At the same time, yMusic has thrust him “right in the deep end” of learning and interpreting dozens of new classical scores and introduced him to the varied non-classical musicians yMusic teams with. “It was interesting to get a crash course in that side of industry as well,” he said. “Playing with yMusic has broadened and balanced out who I am as musician.”
Cabezas also regularly performs with the Dolce Suono Ensemble in Philadelphia, which has premiered more than 55 chamber works since its founding by flutist Mimi Stillman in 2005. He started playing with the group after graduating from the Curtis Institute of Music, which is based in that city. “It’s another interesting situation where you have a melding of different worlds and different kinds of music,” he said. “Mimi believes a lot in commissioning new music and also believes deeply in the traditional repertoire, so we get to mix that together, which also has been very fun.”
Cabezas spent most of his childhood on the North Shore, graduating from New Trier High School. He was interested in music from a young age, and his parents enrolled him in a Suzuki program, which had a need for cello students, so he started on that instrument. “And I ran with it and, at a certain point, really loved it,” he said.
He took private lessons from Hans Jensen, a professor of cello at Northwestern University, and was a member of the debut class of the Music Institute of Chicago’s now well-established Academy, which competes with such elite programs as the pre-college division of the Juilliard School in New York City and the Colburn School in Los Angeles.
Cabezas won first place twice in the Sphinx Competition: 2006 in the junior division and 2012 in the senior division. The annual contest is organized by the Sphinx Organization, a Detroit-based group that promotes the participation of people of color in classical music. He has gone on to work with the group’s community engagement and education programs. In 2016, he won the Sphinx Medal of Excellence, a career grant for up-and-coming artists.
In June 2021, Cabezas released the album “Lost Coast,” which features music for solo cello that Gabriella Smith wrote with him in mind. He and Smith met at Curtis and were roommates during their last year of school and were later roommates in New York as well. “We have been good friends going on 12 years, so we’ve also talked about music together and thought about music together,” he said.

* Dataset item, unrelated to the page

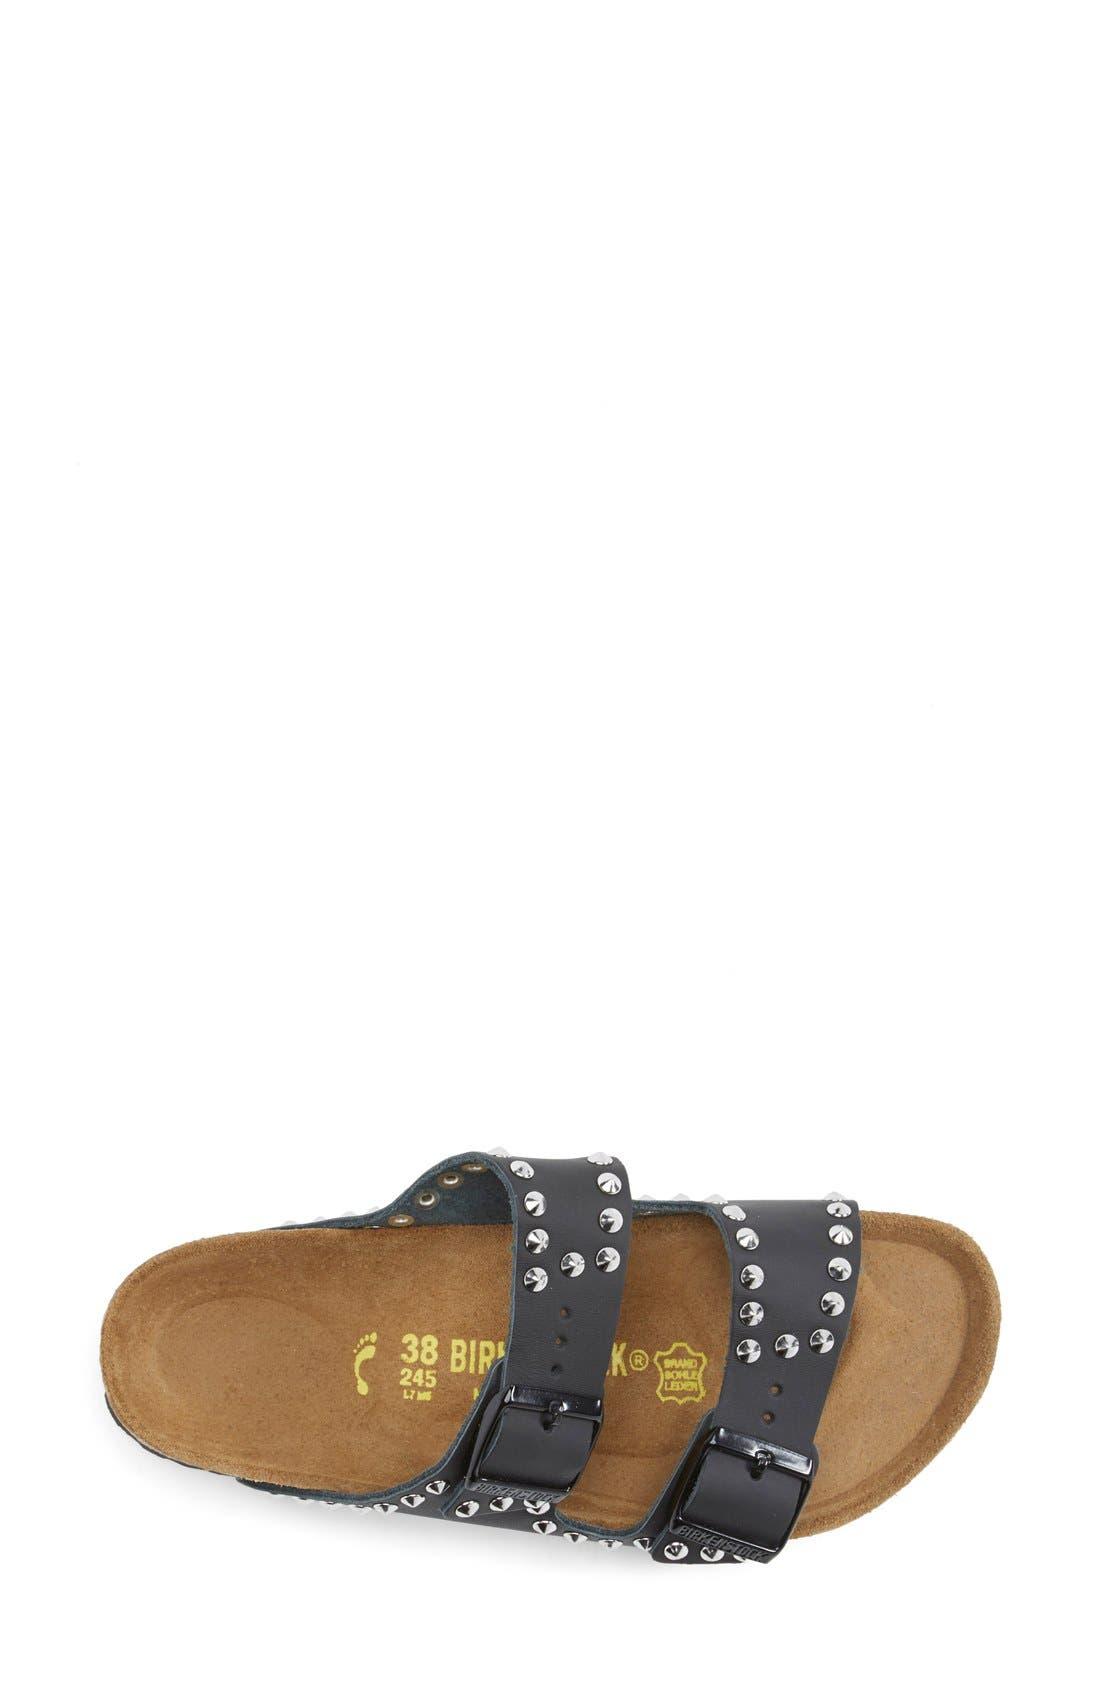 BIRKENSTOCK, 'Arizona' Studded Leather Sandal, Alternate thumbnail 4, color, 001

Inspired by Smith’s reflections on climate change, the album began as notes for a work for cello and orchestra. While assembling her compositions, Smith creates what Cabezas called “vocal mock-ups,” little recordings of her singing sections from the work, which he said can be as affecting as the final versions with the instruments that were meant to perform them. For “Lost Coast,” the two decided to record the piece with Smith singing the wind parts and Cabezas doing all the strings, and they sampled kitchen equipment for the percussion. The album was named one of NPR Music’s “26 Favorite Albums of 2021 (So Far),” and the New York Times declared it a “Classical Album to Hear Right Now.”
Smith has gone on to finish the cello concerto, adding elements that the two created for the recording, sort of art influencing art. The Los Angeles Philharmonic will debut the completed work in May 2023, with Gustavo Dudamel conducting and Cabezas as soloist.
As reviews of “Lost Coast” album have indicated, the premiere of the orchestral version promises to be an event. The Great Northern podcast declares: “ ‘Lost Coast’ sees Cabezas’ virtuosic cello playing layered acoustically with Smith’s arresting vocals to create an addictive and unexpected palette, deployed with Smith’s trademark compositional ingenuity.”
Gabriel Cabezas definitely has arrived.